Metadata-Version: 2.1
Name: nlstruct
Version: 0.0.3.post1
Summary: Natural language structuring library
Home-page: https://github.com/percevalw/nlstruct
Author: Perceval Wajsburt
Author-email: perceval.wajsburt@sorbonne-universite.fr
License: BSD 3-Clause
Platform: UNKNOWN
Classifier: Programming Language :: Python :: 3
Classifier: License :: OSI Approved :: MIT License
Classifier: Operating System :: OS Independent
Requires-Python: >=3.6
Description-Content-Type: text/markdown
License-File: LICENSE

# NLStruct

Natural language struturing library.
Currently, it implements only a NER model, but other algorithms will follow.

### Features

- processes large documents seamlessly: it automatically handles tokenization and sentence splitting.
- do not train twice: an automatic caching mechanism detects when an experiment has already been run
- stop & resume with checkpoints
- easy import and export of data
- handles nested or overlapping entities
- pretty logging with [rich_logger](https://github.com/percevalw/rich_logger)
- heavily customizable, without config files (see [train_ner.py](https://github.com/percevalw/nlstruct/blob/nlstruct/recipes/train_ner.py))
- built on top of [transformers](https://github.com/huggingface/transformers) and [pytorch_lightning](https://github.com/PyTorchLightning/pytorch-lightning)
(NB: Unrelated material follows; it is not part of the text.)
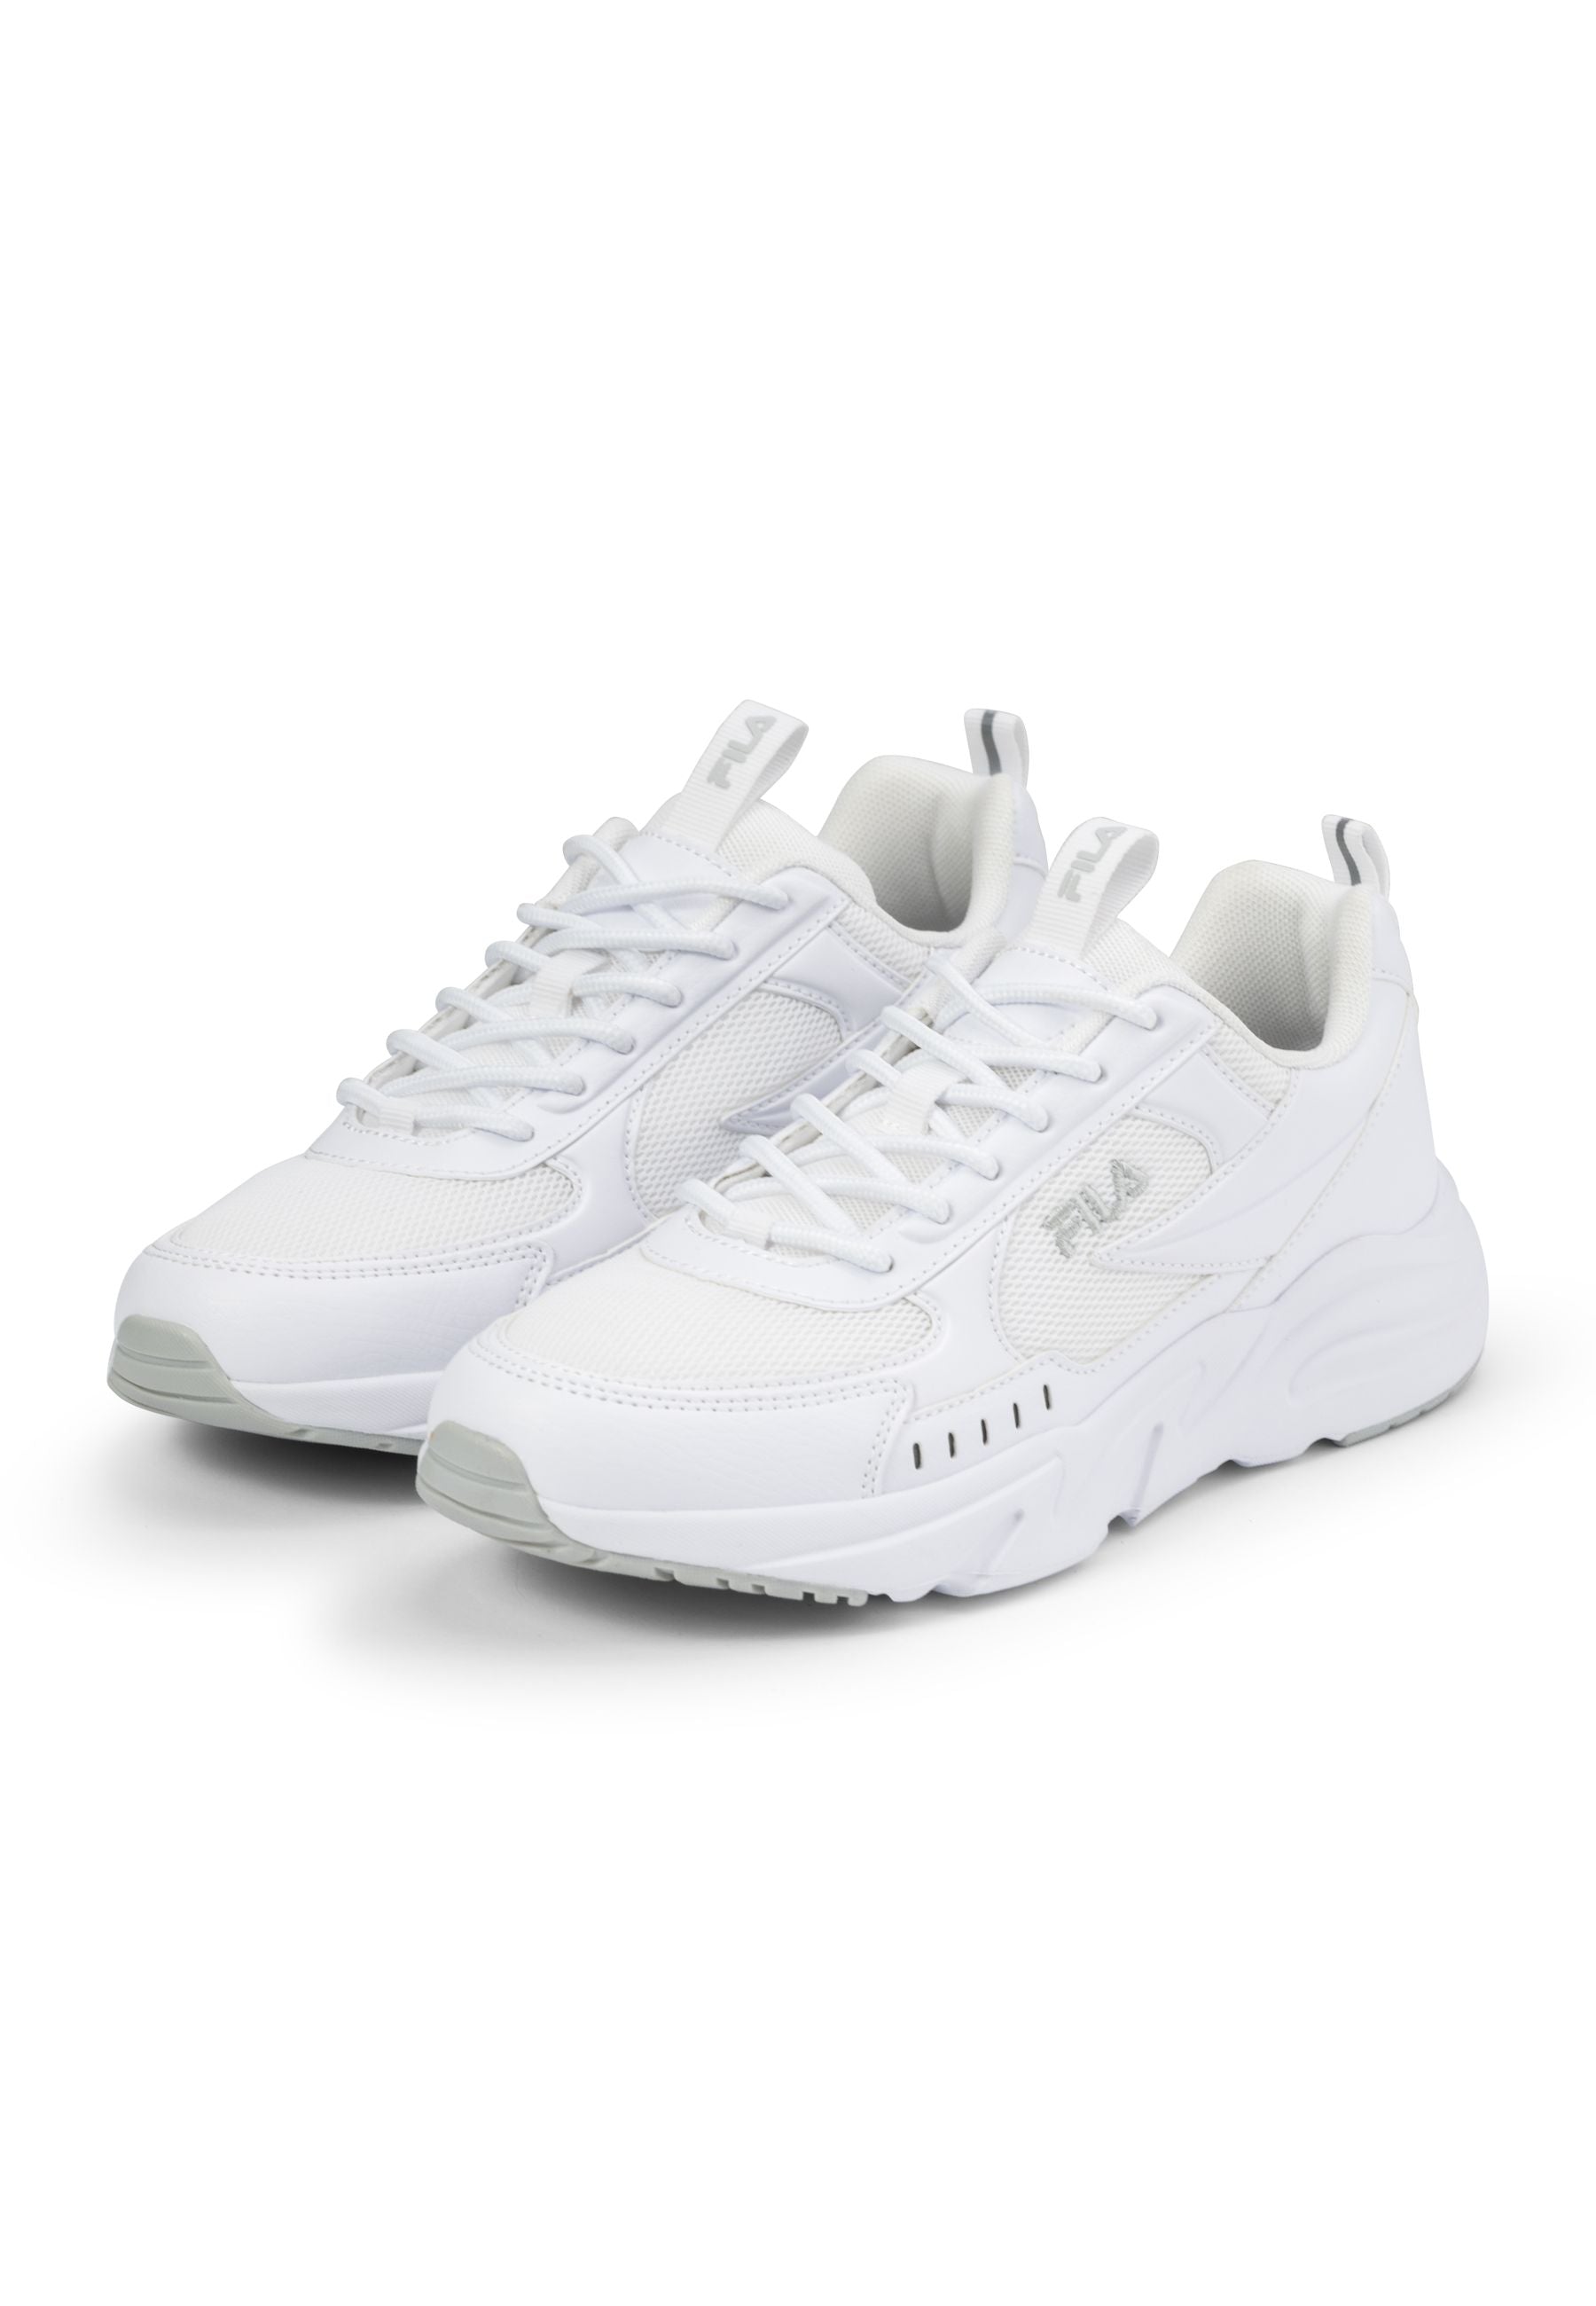 Fila Vittori Wmn in White Sneakers Fila

### How to train a NER model

```python
from nlstruct.recipes import train_ner

model = train_ner(
    dataset={
        "train": "path to your train brat/standoff data",
        "val": 0.05,  # or path to your validation data
        # "test": # and optional path to your test data
    },
    finetune_bert=False,
    seed=42,
    bert_name="camembert/camembert-base",
    fasttext_file="",
    gpus=0,
    xp_name="my-xp",
)
model.save_pretrained("ner.pt")
```

### How to use it

```python
from nlstruct import load_pretrained
from nlstruct.datasets import load_from_brat, export_to_brat

ner = load_pretrained("ner.pt")
export_to_brat(ner.predict(load_from_brat("path/to/brat/test")), filename_prefix="path/to/exported_brat")
```

### Status

This project is still under development and subject to changes.